Those of us who have covered sexual-misconduct cases in higher education – particularly since the Obama administration’s re-election push to unlawfully reshape Title IX enforcement – are going through deja vu as we watch the evolution of the #MeToo movement and swift fall of powerful men in entertainment, media and politics.
Harvard Law Prof. Jeannie Suk Gersen lays out a plausible roadmap for workplace sexual harassment response in The New Yorker, which boils down to Title IX redux.
Most workplaces are governed by Title VII, and legal and regulatory interpretations of Title IX often derived from Title VII caselaw, according to Suk Gersen:
[W]hat strikes a reasonable person as “severe or pervasive” [the legal test for harassment] has been evolving, particularly in the seismic cultural breakthroughs of #MeToo. It also makes sense for employers to use broader definitions of sexual harassment that enable them to address workplace misconduct before it becomes severe enough to constitute a hostile environment for legal purposes.
Amid the abject public apologies and semi-confessions by prominent men, some of the accused have chafed at the script and contested the allegations against them.
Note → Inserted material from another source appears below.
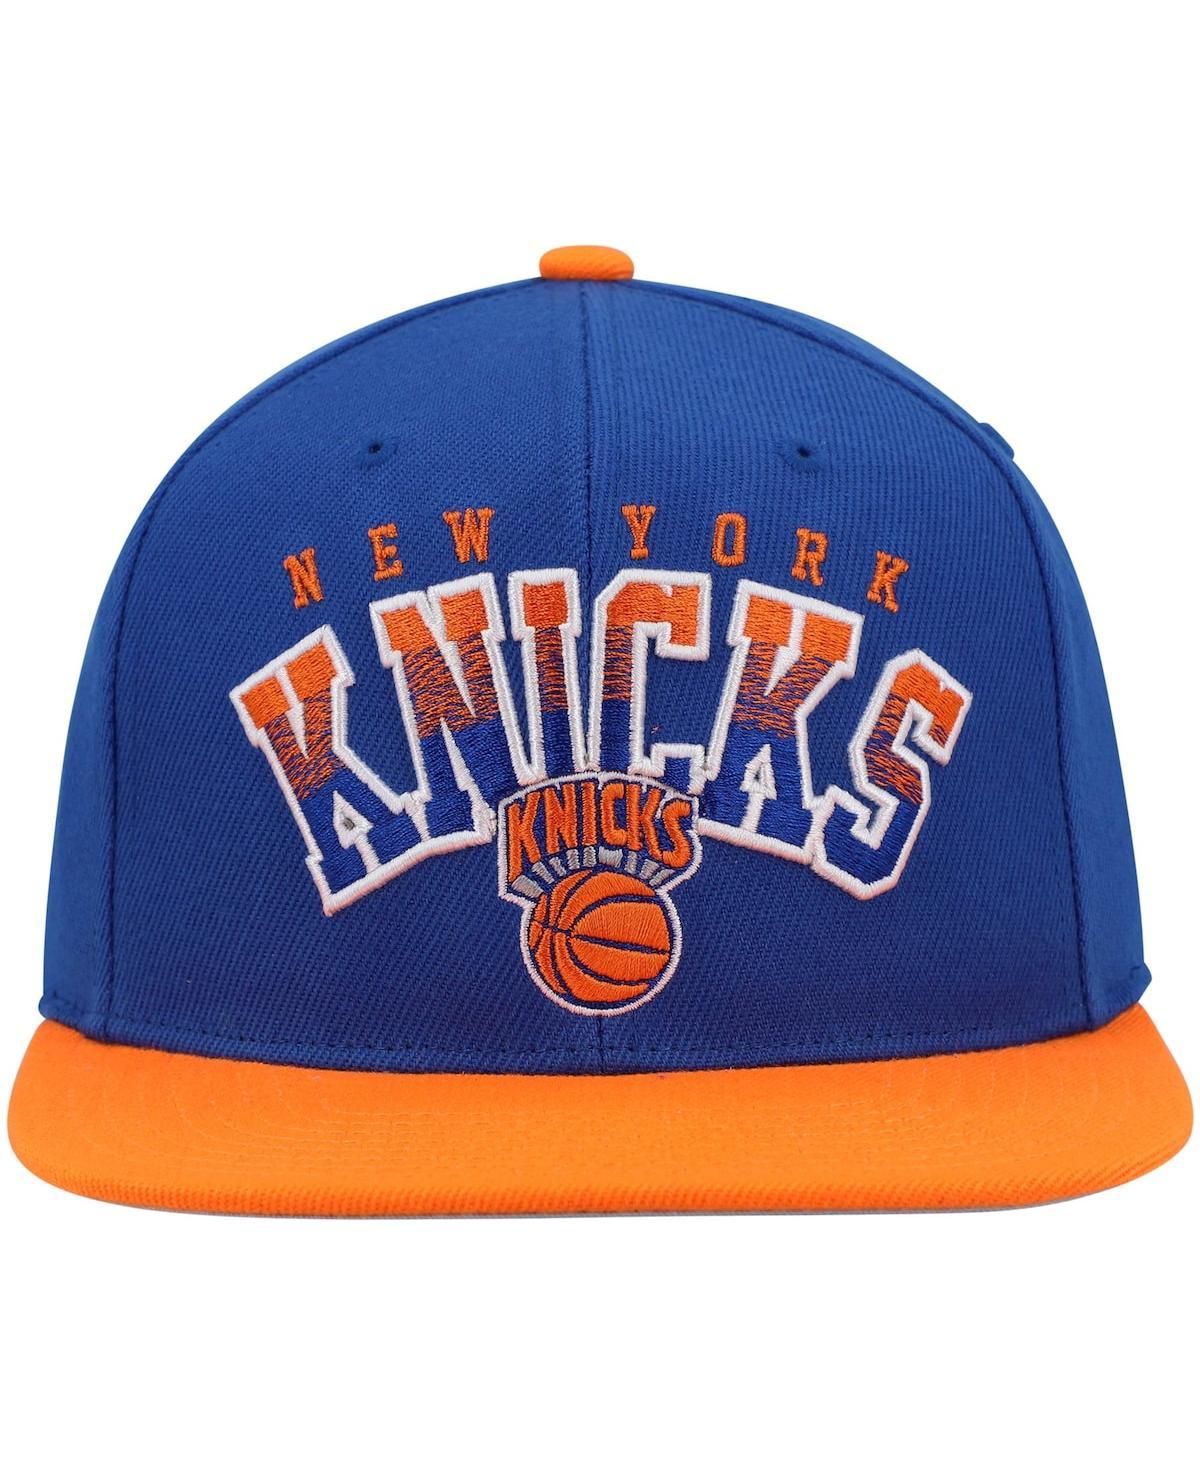 Men's Mitchell & Ness Orange/Blue New York Knicks Hardwood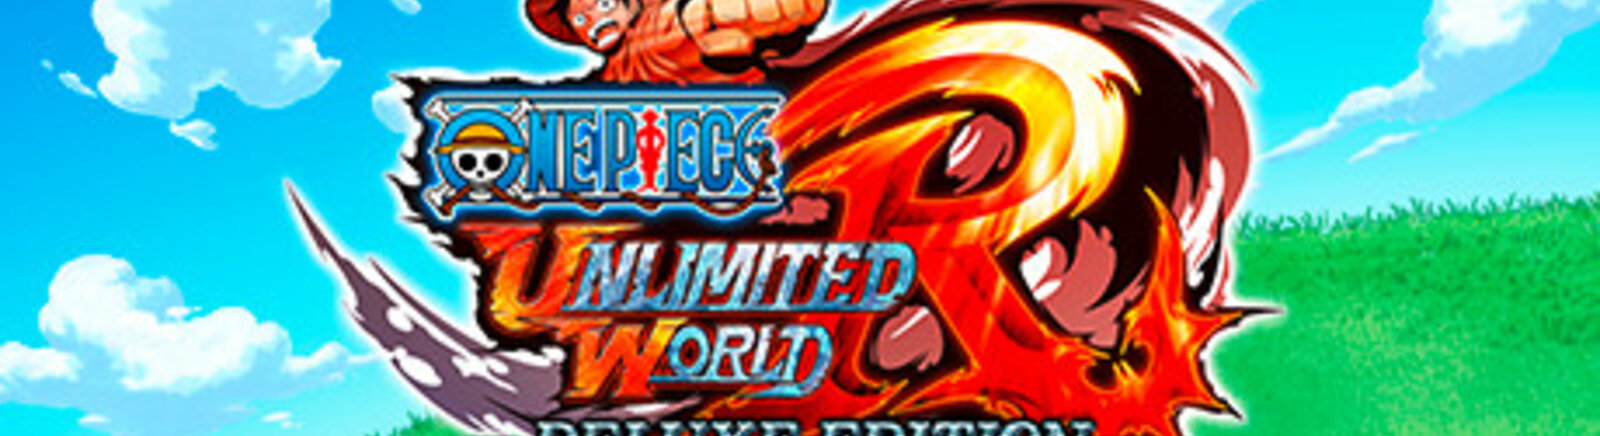 Дата выхода One Piece: Unlimited World Red (Wan Pīsu: Anrimiteddo Wārudo Reddo)  на PS3, PS Vita и Wii U в России и во всем мире

Among them is Harold Ford, Jr., the former congressman who was fired from Morgan Stanley, this month, after allegations of sexual misconduct; he vowed to sue his employer for improper termination. …
Along with the expected uptick in firings for sexual harassment, we could see an increase in wrongful-termination claims by men arguing that their firing was discriminatory against males, in violation of Title VII, even if the decision was driven by the desire to eradicate discrimination against females.
It’s legally dangerous for employers to advertise a “believe the survivor”-type policy in the workplace:
If the campus cases are at all predictive, we can expect to see stories of employees being expelled from their workplace within hours of the accusation; not told the nature of what is alleged, what policy the conduct violates, or who is alleging it; and refused the time or opportunity to respond to allegations, with the employer making little attempt to gather the facts, or deciding with no regard for the weight of the evidence. And, echoing their successful student counterparts over the past several years, the men will claim in court that the pressure to implement a “zero tolerance” policy against harassment led employers to act without sufficient investigation or proper process, motivated by the employees’ male gender.
If they happen to be in the 2nd U.S. Circuit Court of Appeals’ jurisdiction (New York, Connecticut, Vermont), employers already have caselaw to consult, Gersen notes: a 2009 ruling that an “insufficient [workplace] investigation did support an inference of sex discrimination [against a male] prohibited by Title VII,” and last year’s decision against Columbia University for using “fear of negative publicity” to favor a female accuser over a male accused student.
Crusaders for draconian workplace harassment investigations should keep in mind that the public has little clue whether the reformulation of Title IX under the Obama administration has even accomplished its intended purpose, according to another scholar of the law.
Adam Goldstein, a legal fellow at the Foundation for Individual Rights in Education, writes in The Washington Post that “we have little data on how well campus adjudications are handling the problem of sexual harassment and assault, and therefore, no metric to measure changes.”
The co-author of a new journal article on the abuse of the Family Educational Rights and Privacy Act, Goldstein writes:
We don’t know how many hearings are held every year; how many of those hearings find the accused responsible; how many appeals there are; how frequently the hearings are before a panel, as opposed to a single investigator (an individual who questions witnesses and writes a report without a hearing); for panels, how many require unanimous findings; how the definitions of offenses vary from place to place; or how many cases are overturned on appeal.
And we don’t know these numbers for either the pre-2011 process or the post-2011 process [governed by now-rescinded regulatory guidance].
This is largely because colleges disingenuously whip out FERPA whenever they don’t want to release potentially embarrassing information:
One university refused to report a string of sexual assaults to police, because, it argued, that would violate that student-privacy law. Another would not release information on how its athletic staff allegedly mishandled sex offenses. And a third fought to avoid disclosing complaints of sexual assault against a professor.
All of these records describe what would be, if true, criminal conduct — and yet, all are being withheld under a misguided and arguably disingenuous reading of a law intended to protect student privacy.